Recent laboratory experiments have unveiled a fascinating possibility: some planets might generate substantial amounts of water within their interiors, challenging our previous understanding of how water-rich worlds form. This discovery, published in Nature on October 29, could revolutionize our understanding of exoplanet formation and even shed light on Earth’s own water origins.

Scientists have long wondered about the abundance of water on certain exoplanets, particularly those that orbit surprisingly close to their host stars. Traditional planetary formation theory suggests a clear boundary called the “snow line” – planets forming inside this boundary (like Earth and Venus) should be relatively dry, while those forming beyond it (like Saturn and Neptune) can accumulate substantial water and gases. This created a puzzle for astronomers discovering numerous water-rich exoplanets orbiting close to their stars, seemingly inside what should be their systems’ snow lines. The conventional explanation was that these planets must have formed farther out and then migrated inward, but the new research offers a compelling alternative.

The breakthrough came when researchers simulated extreme planetary interior conditions by subjecting olivine – a mineral abundant inside planets – to high-pressure, high-temperature conditions in the presence of hydrogen. Using a diamond anvil cell and innovative pulsed laser techniques to avoid equipment damage, the team observed something remarkable: the hydrogen stripped oxygen atoms from the minerals, forming substantial amounts of water. “There was no rock left. All I had was metal and water,” reported Harrison Horn, a planetary scientist now at Lawrence Livermore National Laboratory who conducted the experiments. The reaction produced an astonishing amount of water – about 18 percent of the initial mass converted to water, thousands of times more than expected for Earth-like planets.
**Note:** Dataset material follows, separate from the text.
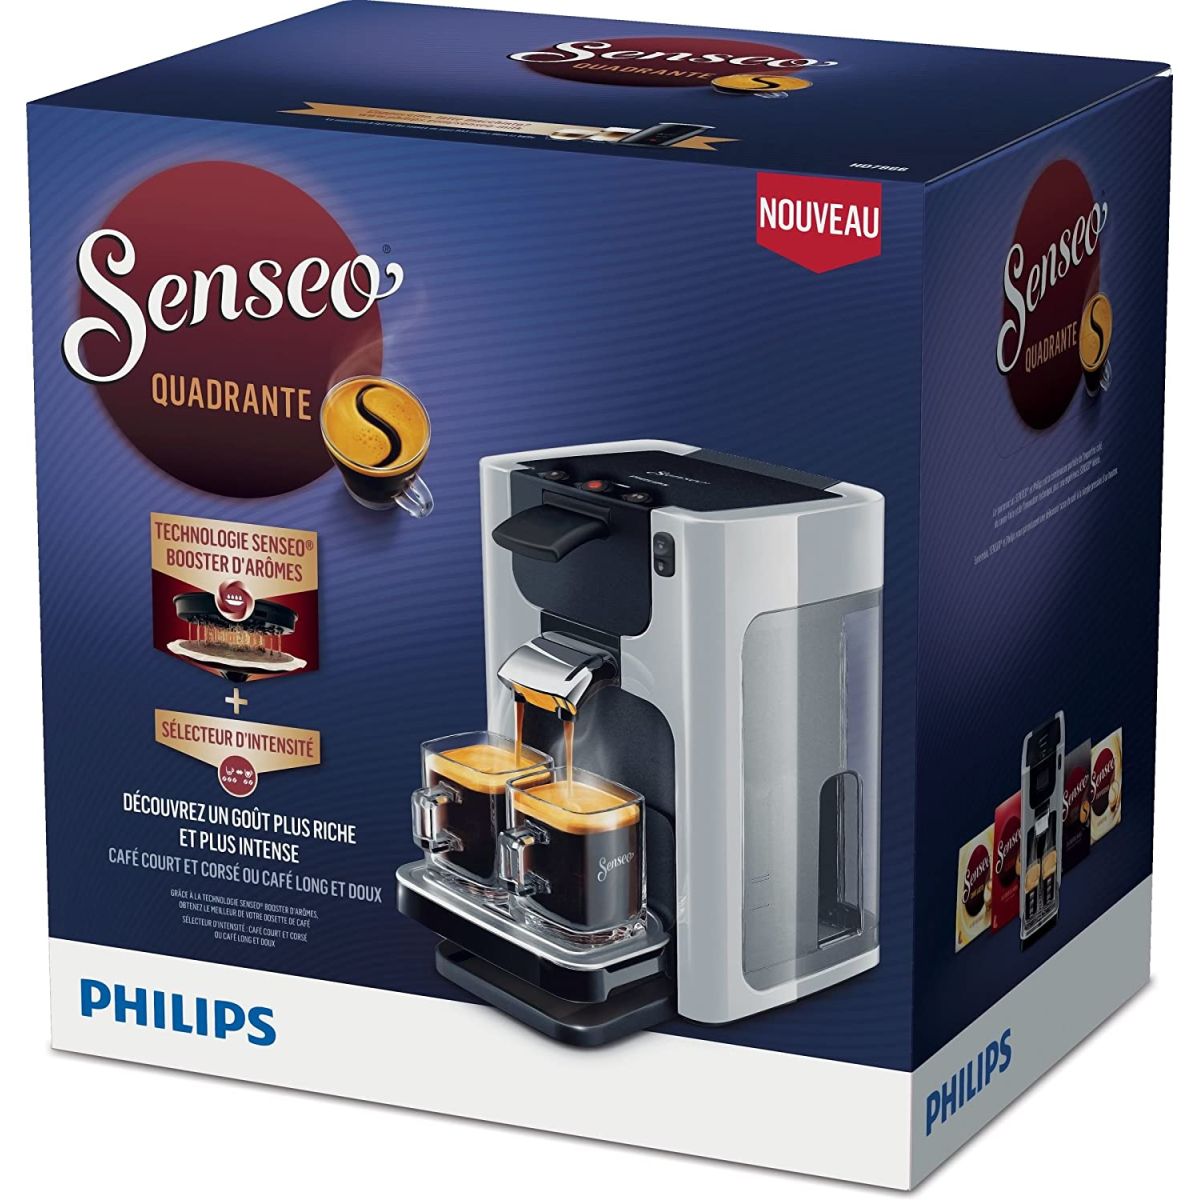 Nouvelle promotion sur cette machine à café Philips Senseo au top

This water-generating process likely occurs at the boundary between a planet’s rocky interior and its gaseous hydrogen envelope. The researchers estimate that planets undergoing this process could develop water content ranging from 5 to 28 percent of their total mass. The resulting worlds would fall into two categories: massive ocean planets covered by deep liquid water, or “hycean” worlds with oceans topped by thick hydrogen atmospheres. Rather than being distinct planetary types, these represent variations along a continuum, with the specific outcome depending on factors like the planet’s size, composition, and proximity to its star.

The findings have significant implications for planetary habitability. While recent studies had suggested that water on hycean worlds might be mostly trapped in their mantles, this new research “moves the water abundance back up,” according to Remo Burn, an astrophysicist not involved in the study. This increased likelihood of surface water might create more favorable conditions for life to develop on these distant worlds. The chemical mechanism is particularly exciting because it doesn’t require special circumstances – just the interaction of common planetary materials under the right conditions.

Perhaps most intriguingly, this discovery may help solve the longstanding mystery of Earth’s own water origins. While today’s Earth lacks the extreme conditions needed for this reaction, they might have existed during our planet’s formation when Earth had a hydrogen-rich early atmosphere. Supporting this hypothesis, researchers have identified tiny water vesicles trapped in ancient deep-Earth diamonds with chemical signatures distinct from surface water. This suggests Earth’s water may have come from two sources: an internal reservoir created through early chemical reactions, and a later component delivered by water-rich asteroids and comets from the outer solar system. This dual-origin theory helps explain some of the puzzling isotopic characteristics of Earth’s water that have long challenged planetary scientists.